Simia is a research project investigating the symbolic association between art and the monkey in medieval Europe—an association reflected in the popular adage ars simia naturae (art as the ape of nature). Painted into the margins of illuminated manuscripts and sculpted into the nooks and crannies of cathedrals, monkeys can be found messing with the conventions of pictorial representation and punning on the idea of the artisan as imitator. Monkeys were often paired with artisan-performers in public theater and courtly entertainment. Also underscoring their association with art was the simian’s close affiliation with words denoting visual representation, such as simulacrum (image) and similitudo (likeness, as in a painted portrait).

This project is a field guide to the way medieval artisans and writers thought about art through the monkey figure. What does this subject tell us about medieval theories of art and image-making? What kinds of cultural meanings are wrapped up in the association between art and the monkey? Given that the monkey is the longest-standing personification of art in western tradition, what role has this trope played in ideas that have helped to shape western aesthetics?

The source material for this project spans ancient through contemporary art but focuses on twelfth to fourteenth-century visual and literary culture, when the word simia came to be used commonly as a metaphor for imitation—often in relation to art or the artisan—and when monkeys appeared with increasing frequency in the marginal art of England, France, and Flanders.
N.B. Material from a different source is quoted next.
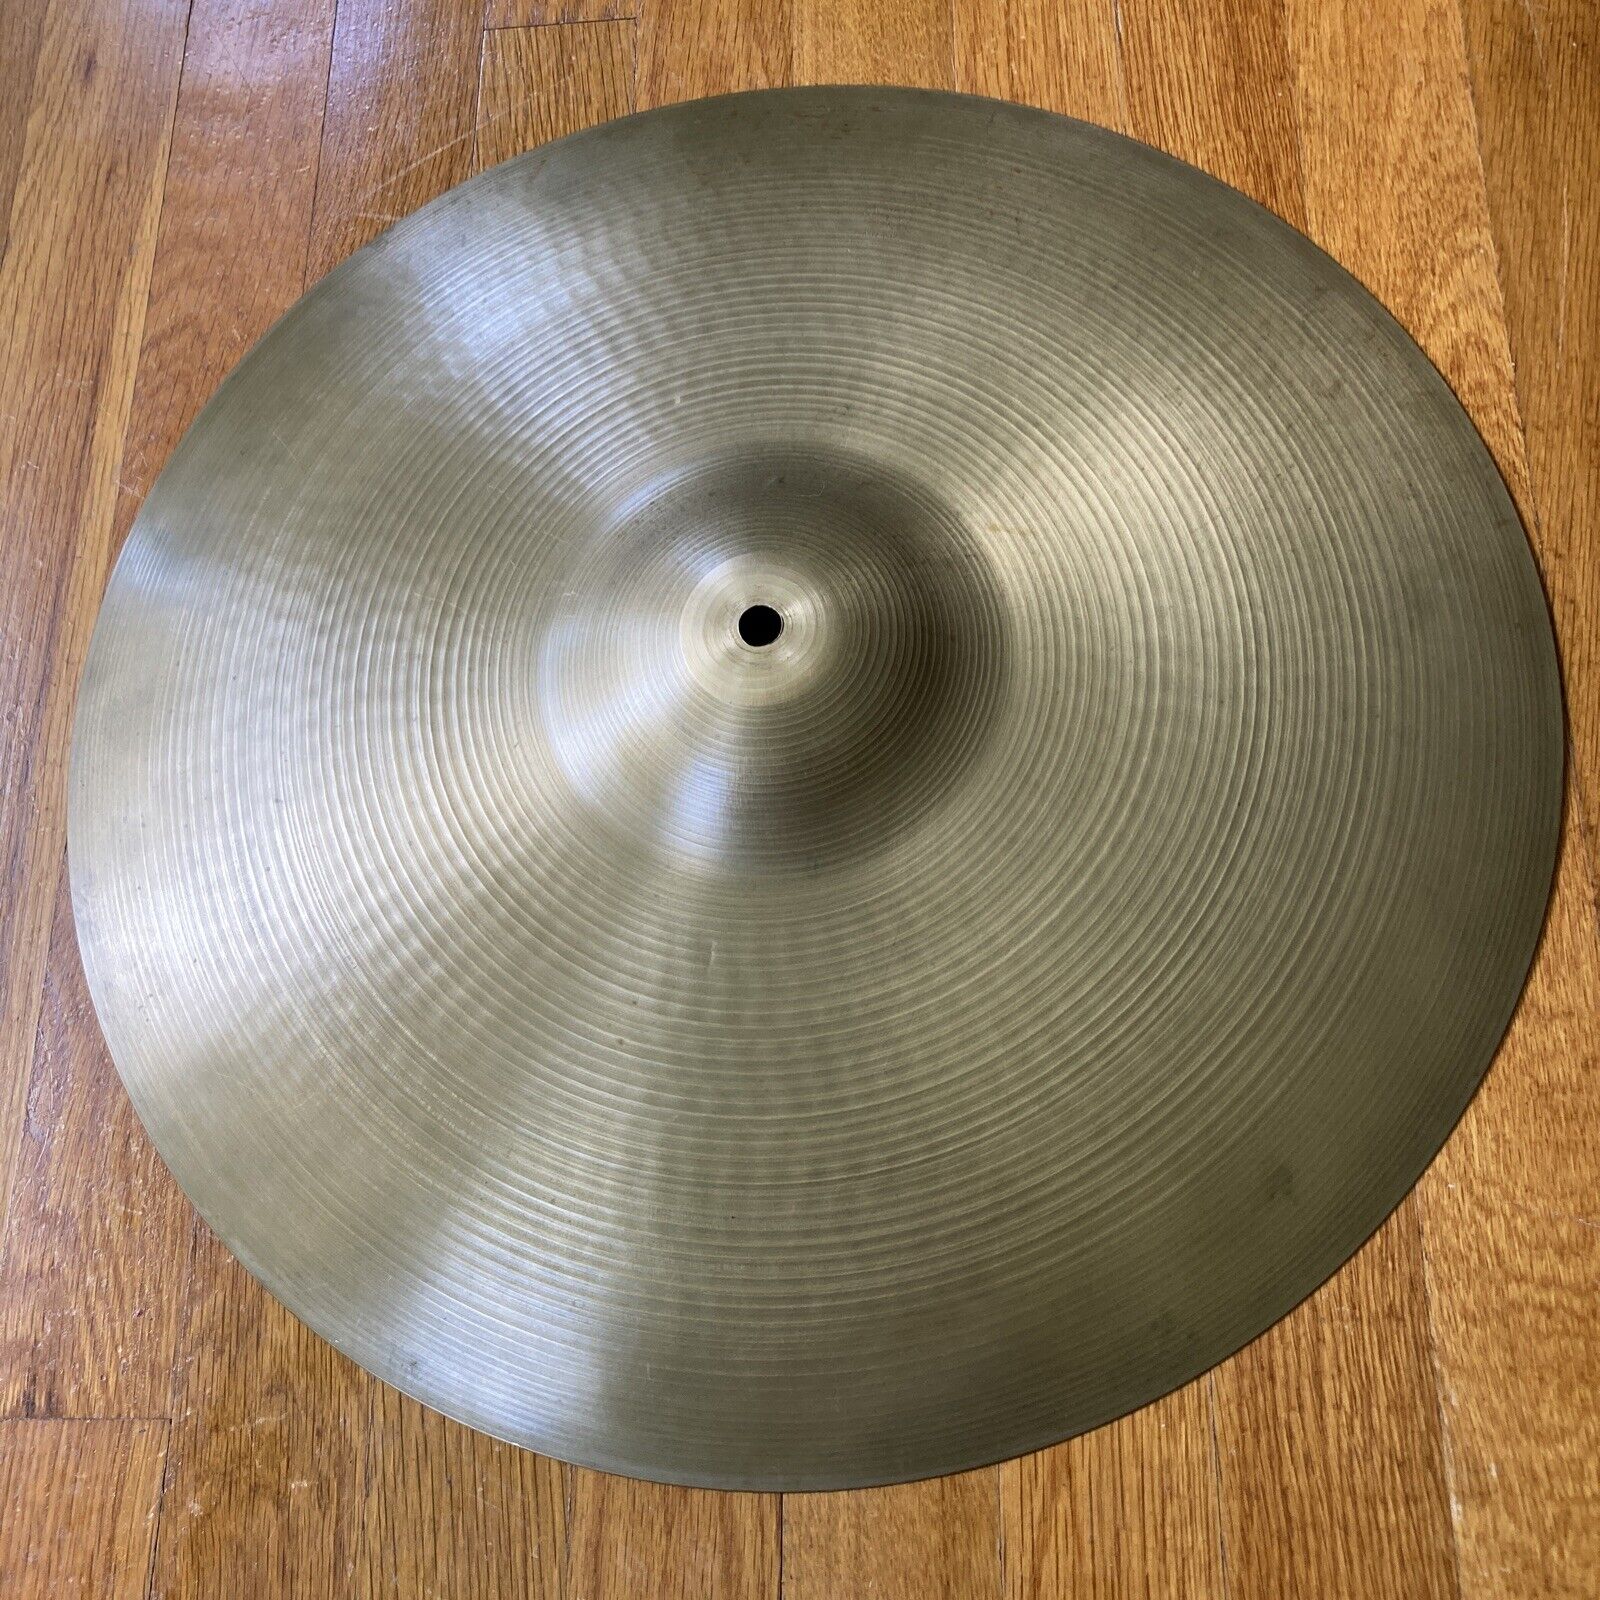 Zildjian Vintage A 18" Crash Cymbal (1505g) No Cracks Nice Patina

The main purpose of the essay is to explore a wide variety of visual examples of the monkey’s association with art, but in so doing, I encounter a number of themes, such as the monkey’s relationship to philosophical questions and anxieties about what it means to be human, and the perennial use of the monkey figure in Western European culture as a device for stereotyping women, foreigners, and non-Christians—a practice directly tied to the monkey’s emergence as a personification of art. I also look at how modern historians have described the monkey’s association with art in the Middle Ages and consider what the concept of art as the imitation of nature meant in the medieval imagination. Finally, my essay engages in comparisons with monkey figures from other traditions around the world as a way of highlighting aspects of the trope within western tradition.